By adding goals, assists, and serious set-piece threat to his game, Rice has established himself as arguably the best midfielder in world football. He finally got his hands on one of the game’s biggest prizes as Arsenal ended their Premier League title drought in 2026. It could be a golden summer for England if Rice starts cooking in North America.
2. Harry Kane (Bayern Munich)

Despite Haaland’s heroic, Harry Kane is, arguably, the world’s best target man.
The relative mystique of foreign leagues can often inflate a player’s reputation as we are fed their many highlights and rarely see their 4/10s, the days they’d rather not remember, their misses, their failures. The Premier League, in all its hyper-exposed, tribal glory, is often not a place where rival fans can appreciate world class talent when they see it. When Kane moved to Germany and made such a mockery of the Bundesliga, everyone finally saw the plain truth.
Kane’s season-end tallies remain consistently high, with a bundle of assists and uncountable contributions setting him above almost every other striker in the world. In 2025/26, he netted a ridiculous 61 goals in 51 games for his club.
Of course, when it comes to sheer numbers, Haaland is ripping up every record he can lay his hands on, but dare we suggest Haaland’s all-around game is, by Kane’s standards, almost… limited? The City star is a ruthless finisher and constant menace against the backline, but Kane offers similarly lethal goalscoring ability with the technical talents of a fully fledged playmaker to boot.
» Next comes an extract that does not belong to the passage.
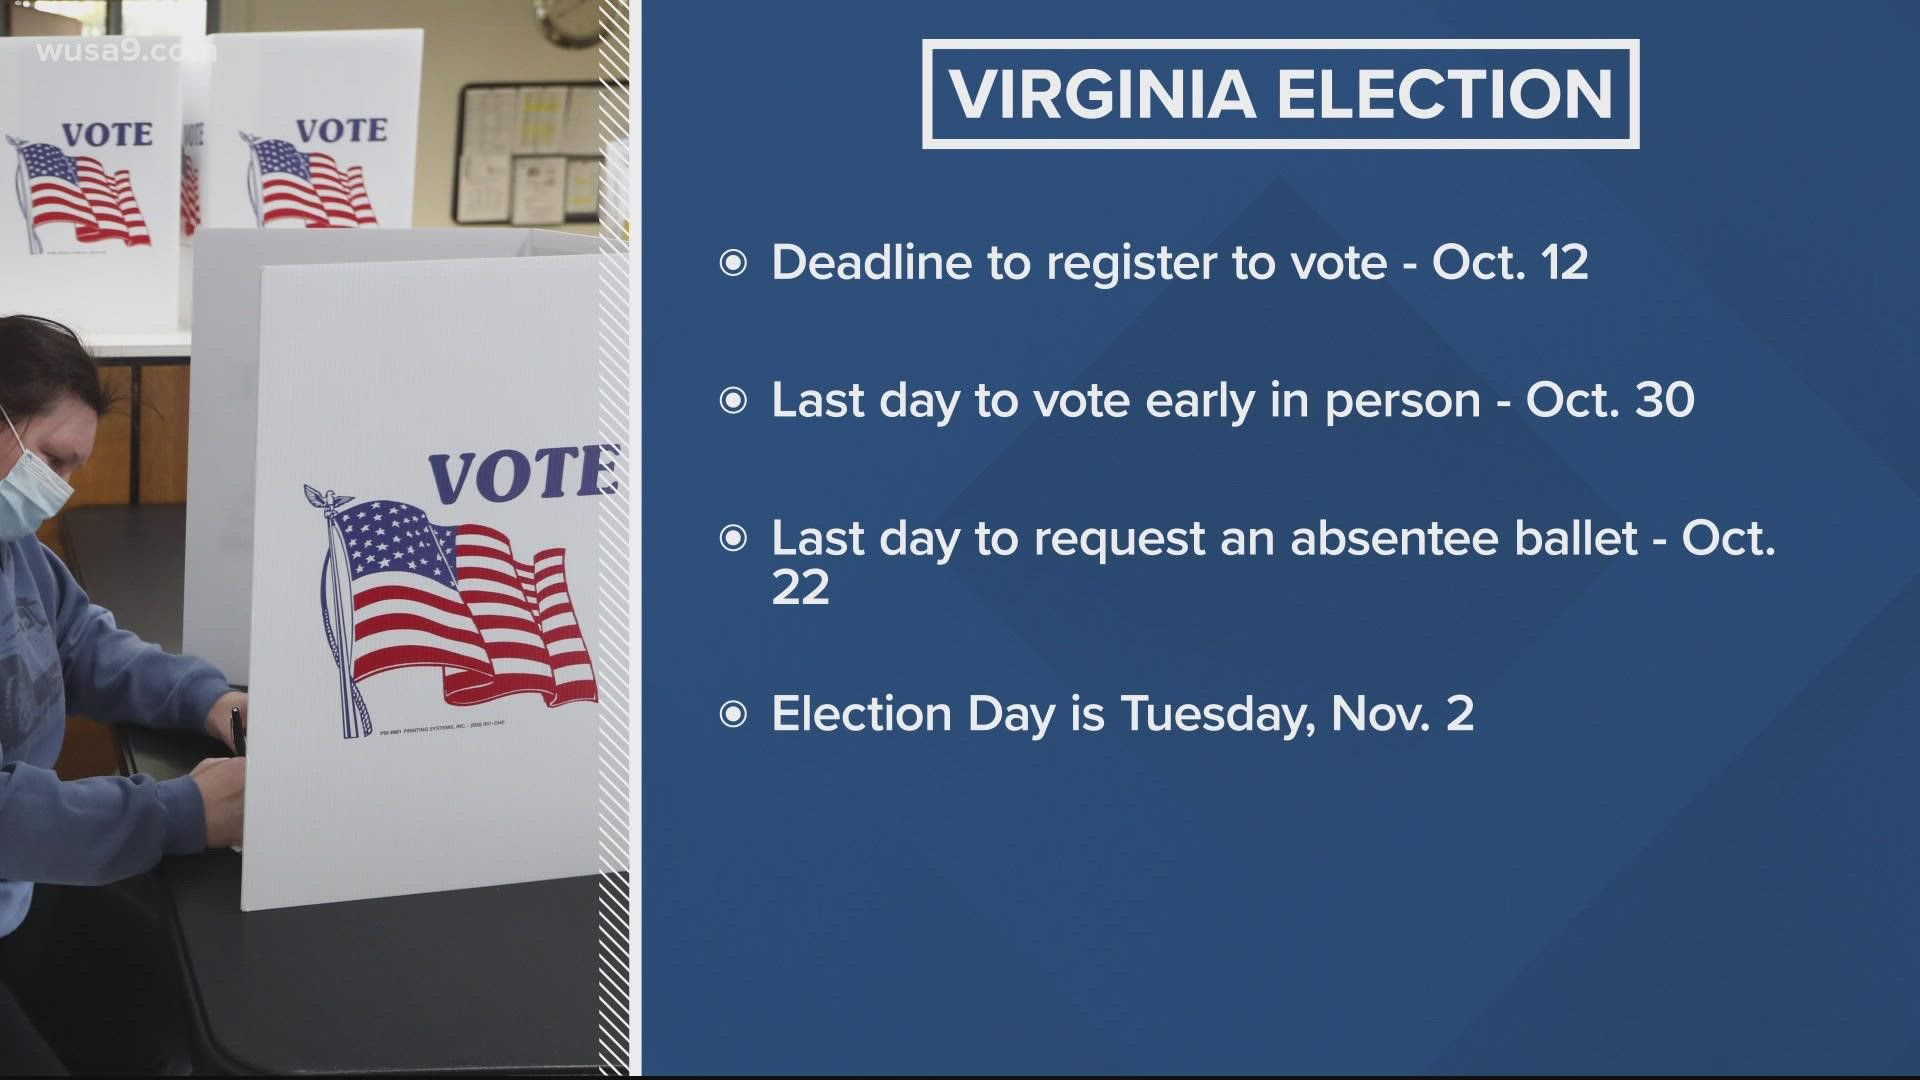 Registered voters have until Saturday, Oct. 30 to vote at early voting locations across the commonwealth.

The England captain’s finishing is exemplary, his positioning to accommodate for a lack of raw pace is second-to-none, though his unique selling point is his uncanny creative ability, to pick a pass from deep, to swing a cross in, to play the No.10 and No.9 roles simultaneously and effectively and he achieved all of that in a Tottenham team that, with the greatest respect, was simply not at his level and rarely has been near his standard.
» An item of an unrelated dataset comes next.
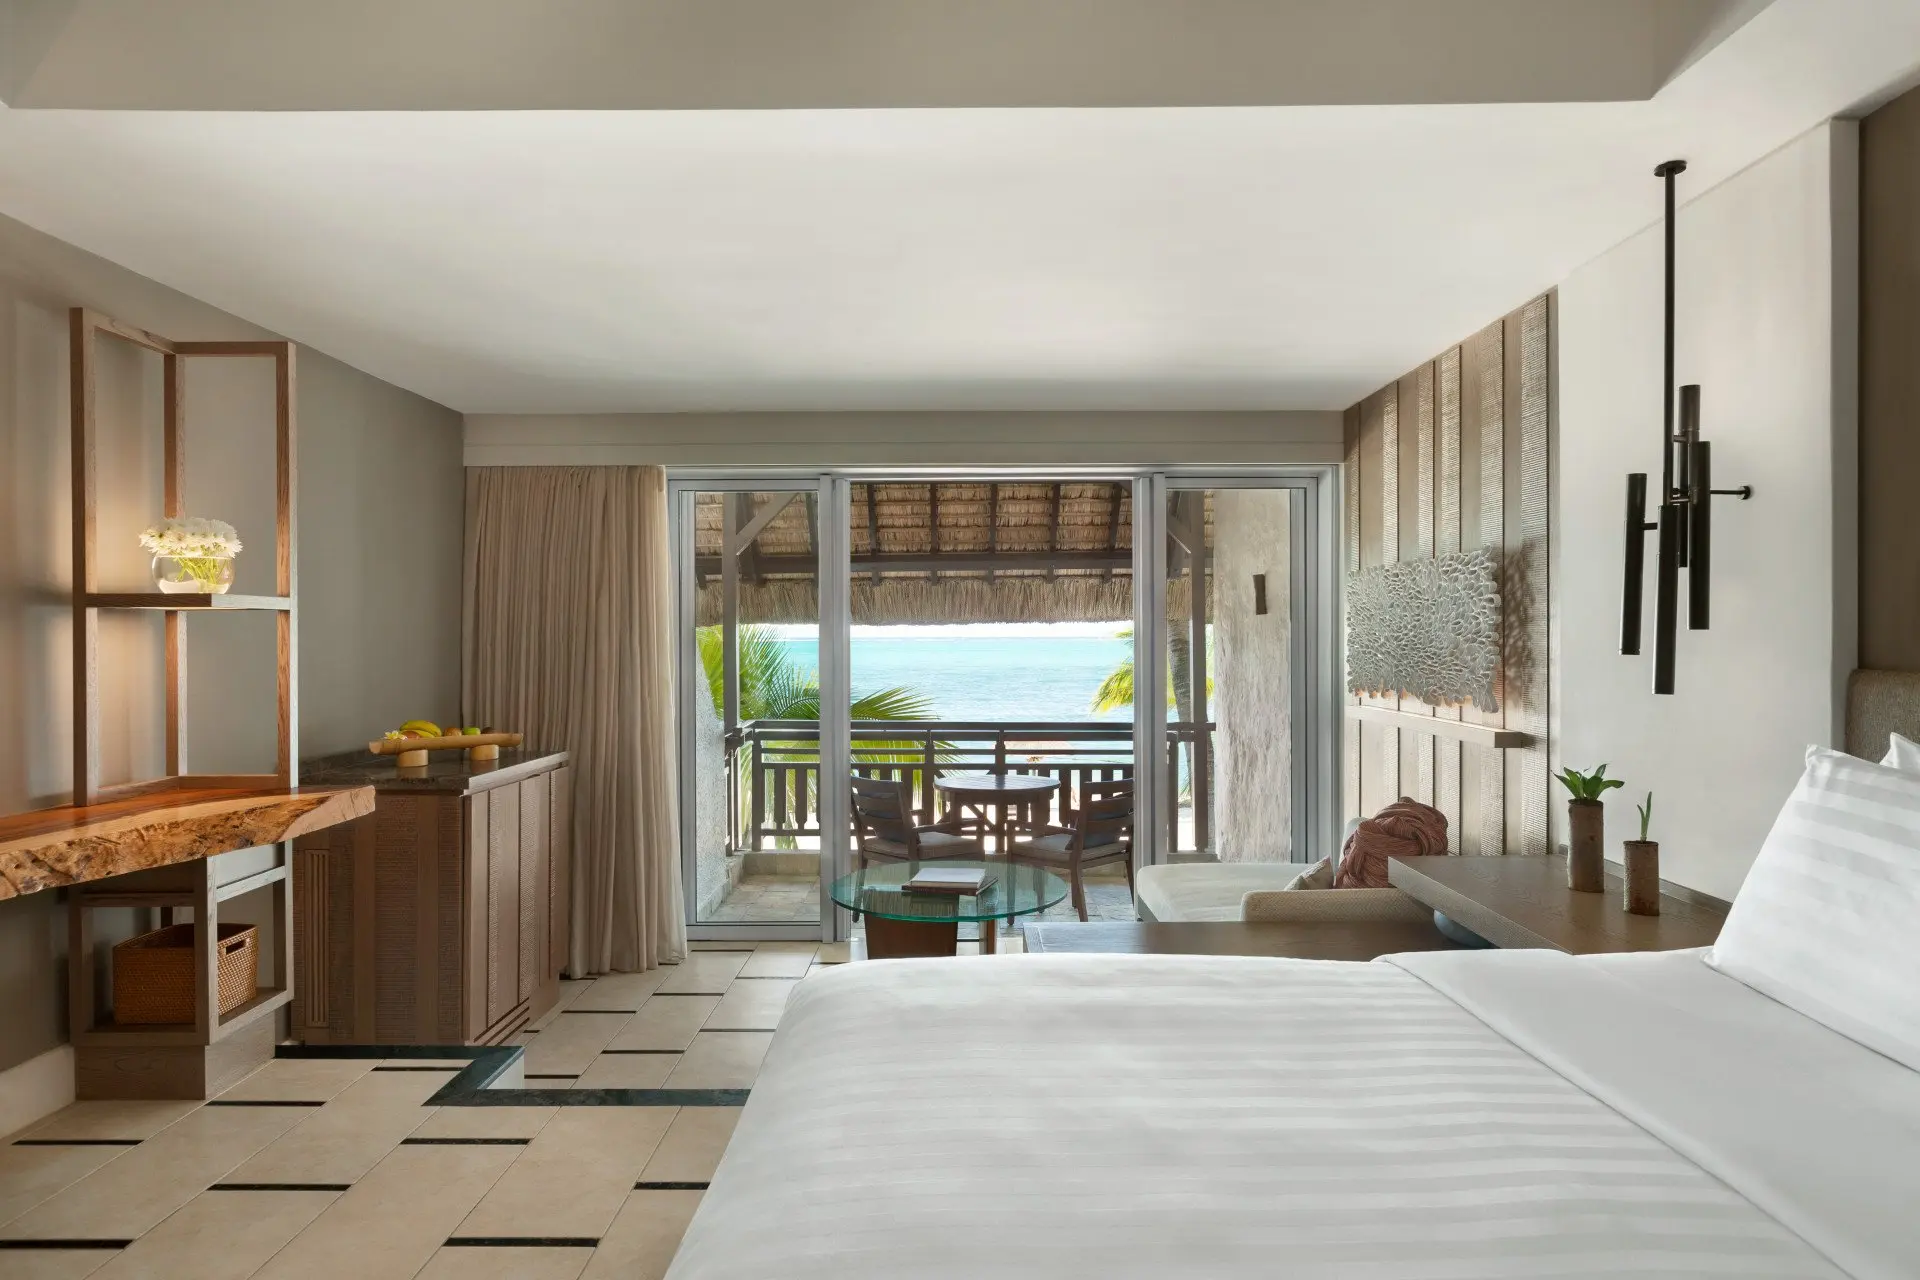 Mauritius-SLTR_Coral Deluxe Room Ocean View_King_Bedroom

Kane is the greatest natural No.9 in world football right now. He will, undoubtedly, be in the Ballon d’Or conversation if he leads England to the World Cup trophy in North America.
1. Kylian Mbappé (Real Madrid)

Mbappé is a megastar forged by the crucible of the World Cup. It’s an old-school way to achieve greatness given the prominence of the Champions League and Premier League, but Mbappé’s international heroics prove his ability and mentality beyond all reasonable doubt.
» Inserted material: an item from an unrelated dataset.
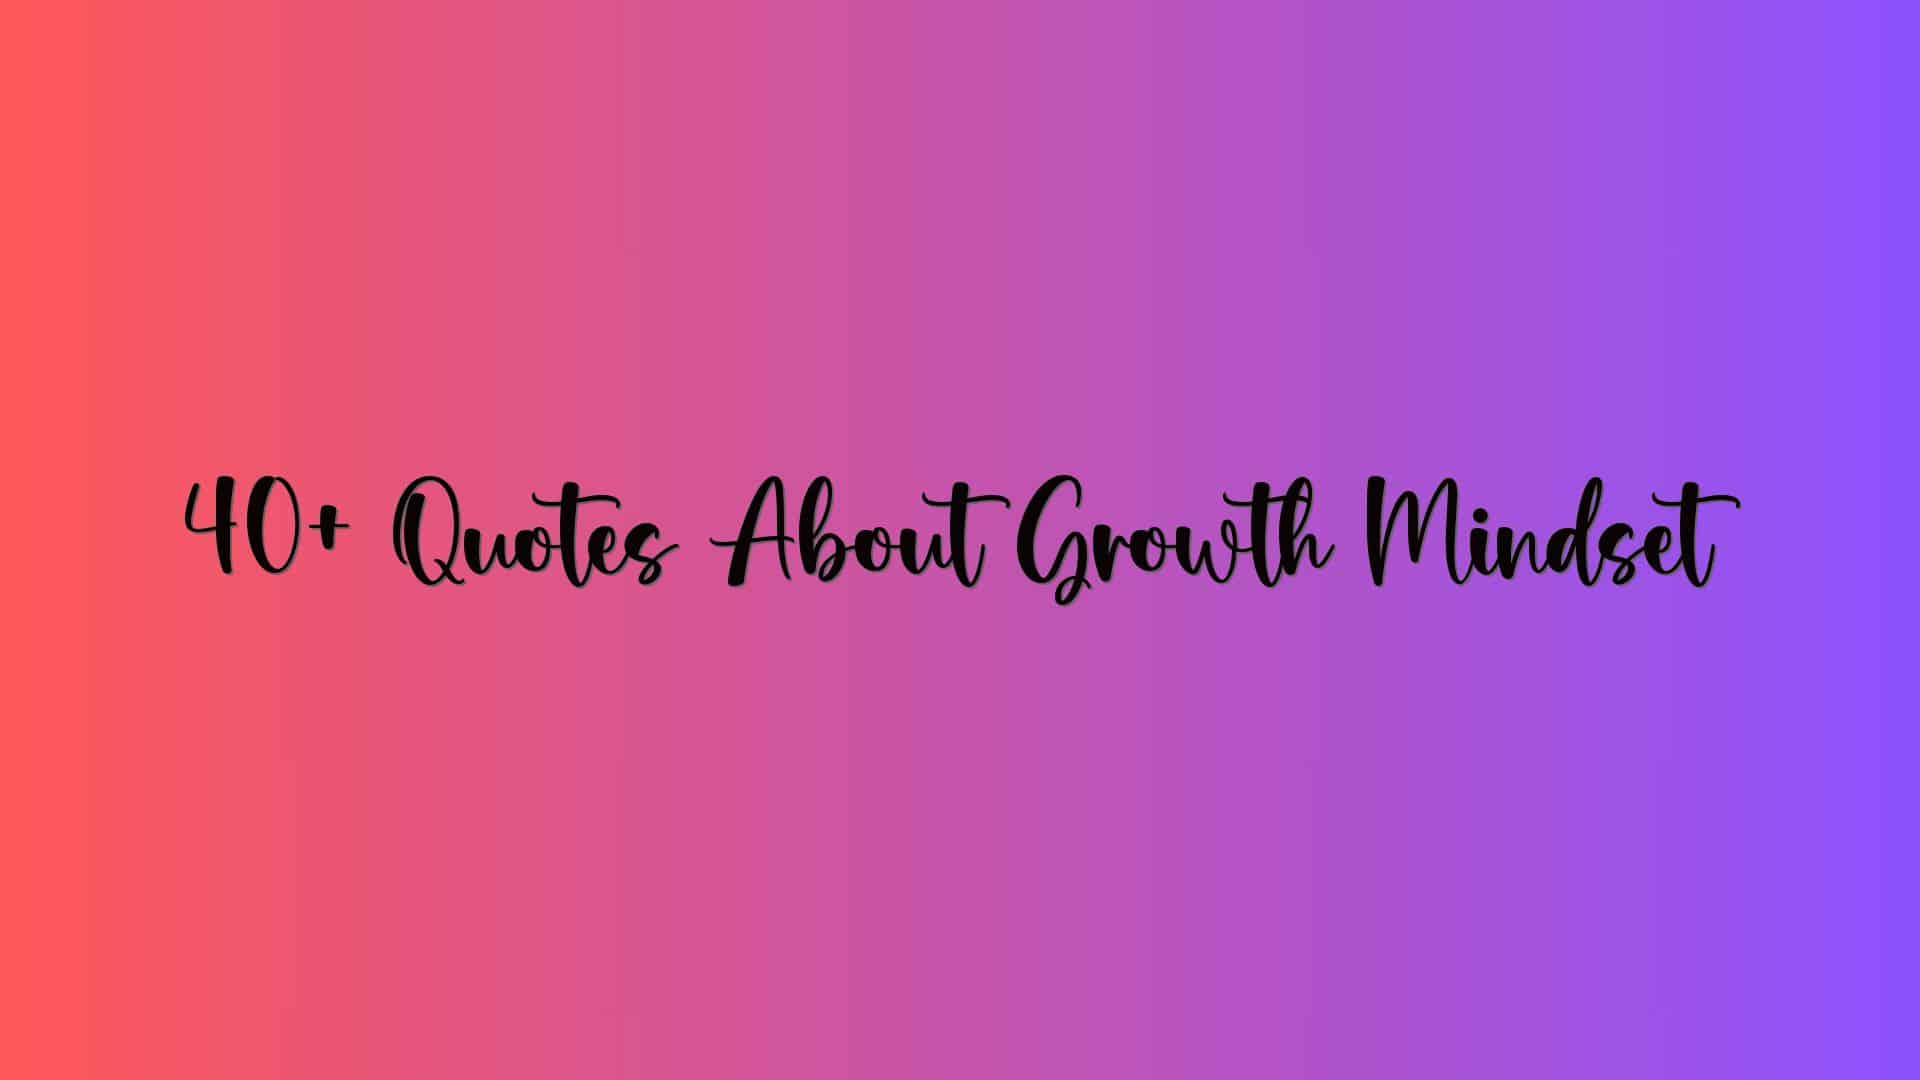 40+ Quotes About Growth Mindset

Like Neymar, Messi and many before, he made a mockery of Ligue 1, but his form on the global stage for both club and country puts him out in front. Despite being on the losing side, his World Cup 2022 final hat-trick will go down as the stuff of legends – a big time performance from a big time player.
Mbappé was often portrayed as a dramatic soap character in the long-brewed psychodrama between PSG and Real Madrid ahead of his transfer, a large portion of his mind fixed on off-field politics, but the character he showed throughout the World Cup, his mentality and steely determination to drag his team kicking and screaming to the trophy has elevated him to the very top of the ladder.
The 27-year-old is one of the fastest footballers we’ve ever seen grace the field, with shooting technique like no other. He can strike the ball on the run or with immense power from a dead standing start, he can finesse shots low into the corners or drill the ball high and rising into the roof of the net. If you offer him an inch of the goal, he will punish you, mercilessly.
He netted a ferocious haul of 31 goals in 34 La Liga games during his maiden voyage with Real Madrid, plus seven goals in 14 Champions League matches. Despite rumblings of discontent from the famously patient Bernabeu crowd in 2025/26, he averaged nearly a goal per game across all competitions to cement his standing.
Kylian Mbappé remains our best football player in the world 2026.
Harry Kane may be in freakishly-good form and Lamine Yamal the hot prospect heading towards the summit, but Mbappé is untouchable for the time being.
Do you agree with our list? Of course you don’t! And that’s totally fine, even though you are completely wrong.